Curtis Hinkle also goes into further detail in an article entitled “Mutilations or non-consensual normalization treatments?” (it’s worth reading the whole article):
… Instead of insisting on a gender identity assignment as quickly as possible, OII is convinced that it would be better to inform the parents of their child’s physical difference in such a way that they will be able to make informed decisions about the real health needs of their child (and not all this focus on which gender identity is best for the child which is what we are doing now). Understanding the intersex variation and the anatomical, endocrinological and other physical differences are very important and this can be very difficult for parents who are usually not specialists in genetics or anatomy. They need help to manage the health care decisions concerning their child and understanding their child’s body is what is important – not spending weeks deciding what gender identity is most appropriate. This wastes precious time and it makes the parents feel their child is so different that they can be overwhelmed, shocked and confused….

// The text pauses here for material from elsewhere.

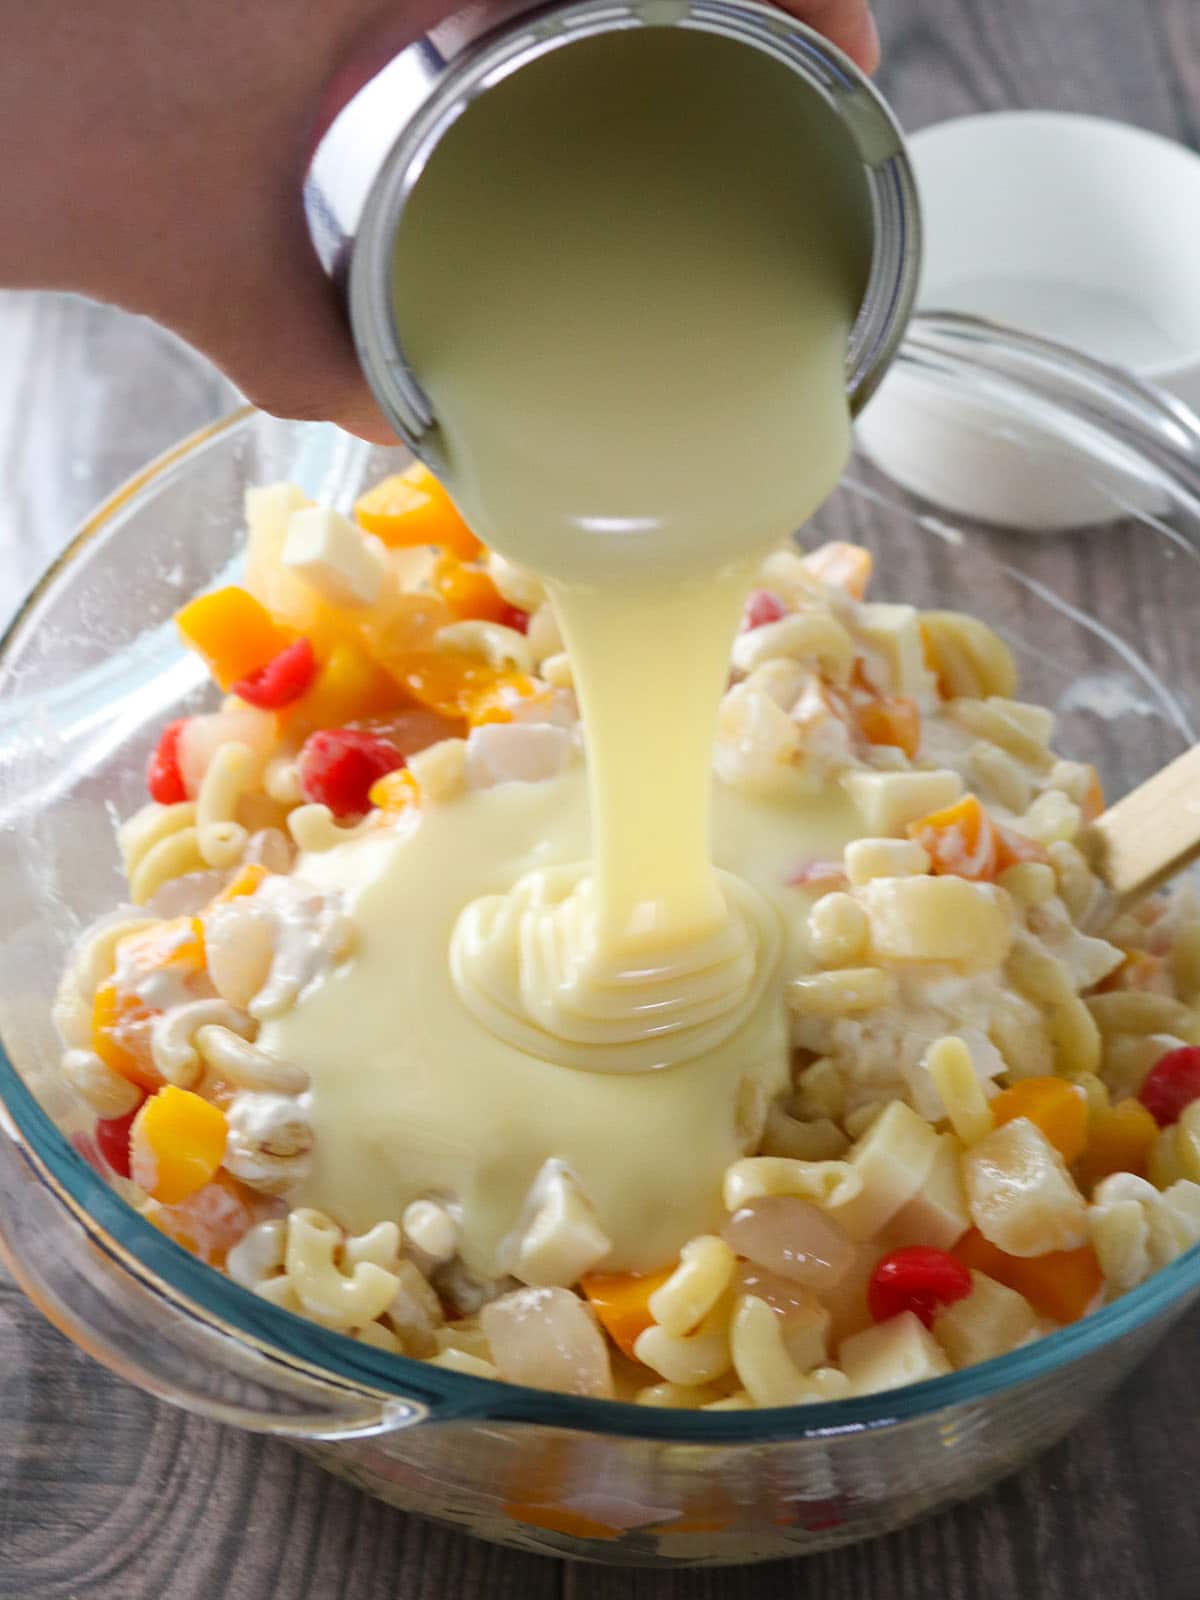 pouring condensed milk on fruit salad with macaroni in a glass bowl

This matters, because the surgical assignment of gender to intersex infants is not simply something that happens in India. It happens in North America on an almost routine basis, although not all pediatricians and surgeons encourage the procedure.
I want to be clear that I don’t speak for intersex people, and defer to the experiences of those who have been surgically assigned as infants. When in lieu of those experiences, I present what I know to the best of my ability.
But if this story can finally draw attention to the plight of intersex children, then that’s probably a good thing.
If this situation concerns you, here’s what you can do:
- Support intersex organizations both locally and internationally, when you can find them. Organisation Intersex International (Canadian site) is a worthy authority, and they have localized information at oii usa, Intersex in Australia, OII-English (UK), OII Aotearoa New Zealand and more. In India, there is some information available through the EKTA Foundation.
- If you are a part of the medical establishment, investigate whether surgical assignation of intersex infants is performed in your area, and promote a harm-reduction approach that allows a child to grow and develop, and decide when they are better able to communicate who they are.
- If you’re concerned with the disparity in value placed on women in nations like China, India and elsewhere around the world — disparities at the root of sex-selective abortion and sex-selective surgical assignment, do a search for organizations in those nations directed by women, and donate what you can to support them. It’s always wisest to support existing programs directed by people who live in those cultures and understand the nuances, than to presume a North American organization will just know best, but if you don’t have the time and resources to seek those organizations out, then support Human Rights Watch, which works with many of those organizations.
- I don’t know if EKTA or any other organization is looking specifically into whether sex-selective practices are influencing decisions on surgery in India (or China, or elsewhere, for that matter). If I learn of any, I will follow up this post with information.